If the U.S. dollar falls against the Euro it is a good thing for America, right? That means people will be buying more of our goods, right? Of course, Americans do not buy goods made here in the U.S. anymore. Because we are addicted to cheap foreign made goods as sold by companies like Wally World. What do we actually manufacture here in the U.S. today? Er, uh, televisions? Tires? Gasoline? More American companies have been sold to foreign corporate owners during the past six years than ever before. But my government is looking out for me.
Oh, dear me, is there something going on here that I do not understand? Sounds a bit like the early stages of a global trade war to me. [Learn more?] Anyway, I'm just a geezer.
carolyn
I recall a last year Warren Buffett shorted the dollar for the euro. He lost $1 billion.
Yes, Buffet lost $1 billion, but that was right on the heels of his shorting the dollar and making $3 billion.
So, he is still $2 billion ahead.
What really matters is the investment strategy of the giant oil funds, such as the secretive Abu Dhabi Investment Trust now worth well over $200bn.
maybe they realize there is an end in sight for oil (their sole income) as we have used it over the last century, and are getting nervous
Well I would guess people had better get a bike or a horse which ever one they have room for...LOL!
Yes. this is the opening salvo. Just waiting to see if Congress actually understands the implications of a truly global market driven economy with "REAL" free trade. This port deal indicates to me that congress/politicians (yet again) speak with forked-tongues.
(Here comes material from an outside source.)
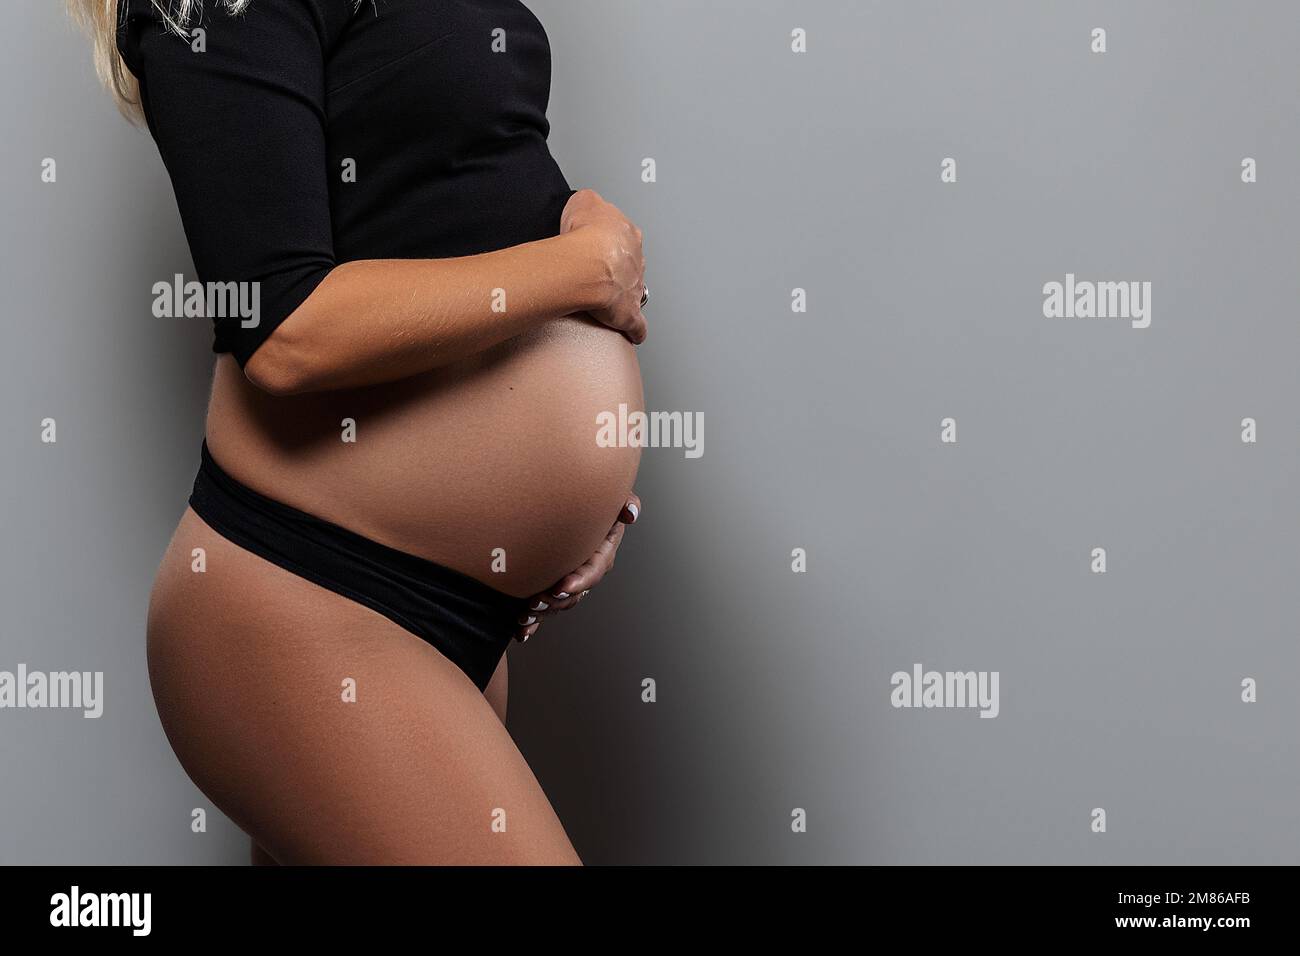 A pregnant woman holds her hands on her stomach on a gray background. Pregnancy, maternity, preparation and expectation concept. Stock Photo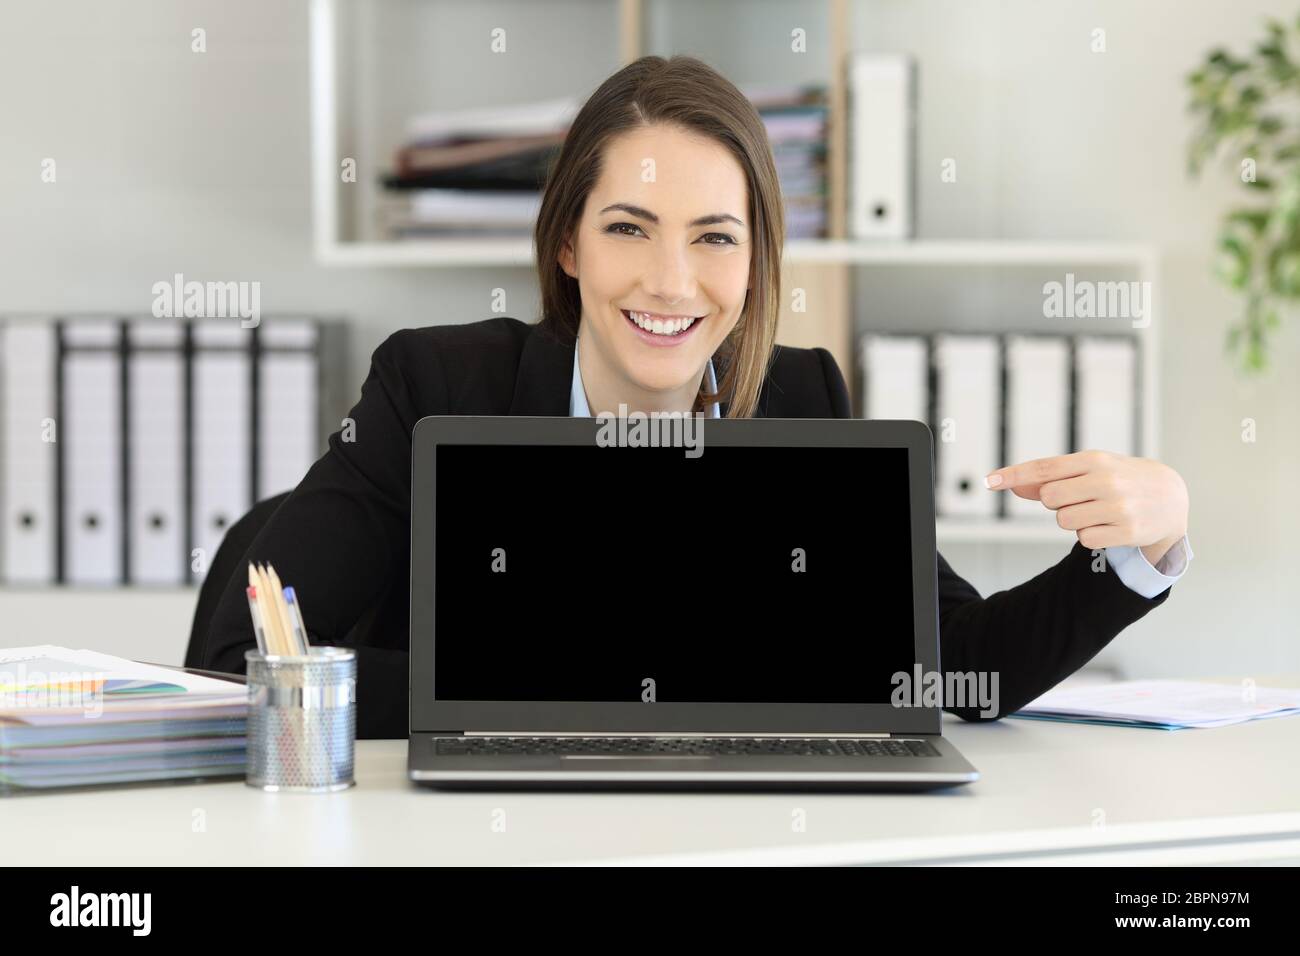 Front view portrait of a happy office worker pointing at a laptop screen mockup Stock Photo

Good idea! Kudos, Carolyn. There is so much disinformation out there. My b.s. meter goes into the danger zone every time I turn on the tube. Can you believe that Katy Couric is gonna be on CBS News? Guess we can all look forward to in depth interviews with Tom Cruise this year, huh?
The UAE is interested in making money.
They'll do what makes them the most money regardless of the petty politics going on.
Pay backs are gonna be hell.
Interesting interpretation from Norway, my FR friend. Kudos to you as well.
Keep in mind that the free traitors love cheap labor, since they perceive that one factor as the key to their God, "Lower Prices To Consumers". A declining dollar means that real wages (as opposed to nominal, unadjusted wage numbers) will decline in comparison to the rest of the world.
Of course, this means that the American middle class will be hurt, and badly. It may mean a certain amount of social upheaval, possibly including an H. Clinton Presidency in 2008.
But, what does that matter? Wages will have been forced lower.
Had we been wiser, and protected our domestic producers, we would not suffer what is surely to come. But the free traitors were at work, burrowing at the foundations of our economy, until we produce nothing. We'll pay a price. But better now than later, when it would be still worse.
I like economy. I studied economy in the US and have many good American friends that I still keep in touch with. My best friend from the college days is a good republican.
*PING* !
The "shrill tone" from Capitol Hill was only an echo of anti-Arab concern (not "hysteria") from the vast majority of Americans - and is well deserved.
UAE has been an ally ... but ONLY recently and ONLY in the WOT and the war in Iraq. They may be an "ally", only for now. They were not just a few years ago and they may not be tomorrow.
UAE and all of Islam are not an ally in defense of our ideals and values of freedom, liberty, democracy and religious tolerance.
Boo hoo hoo.
My heart bleeds for UAE.
I think the conventional wisdom is that if people don't want to be holding as many dollars or things that are more or less equivalent to dollars, such as Treasury Bonds, then there will be less demand for them; bond prices go down and interest rates go up.
If our government could make an honest and balanced budget then this wouldn't be as much of an issue.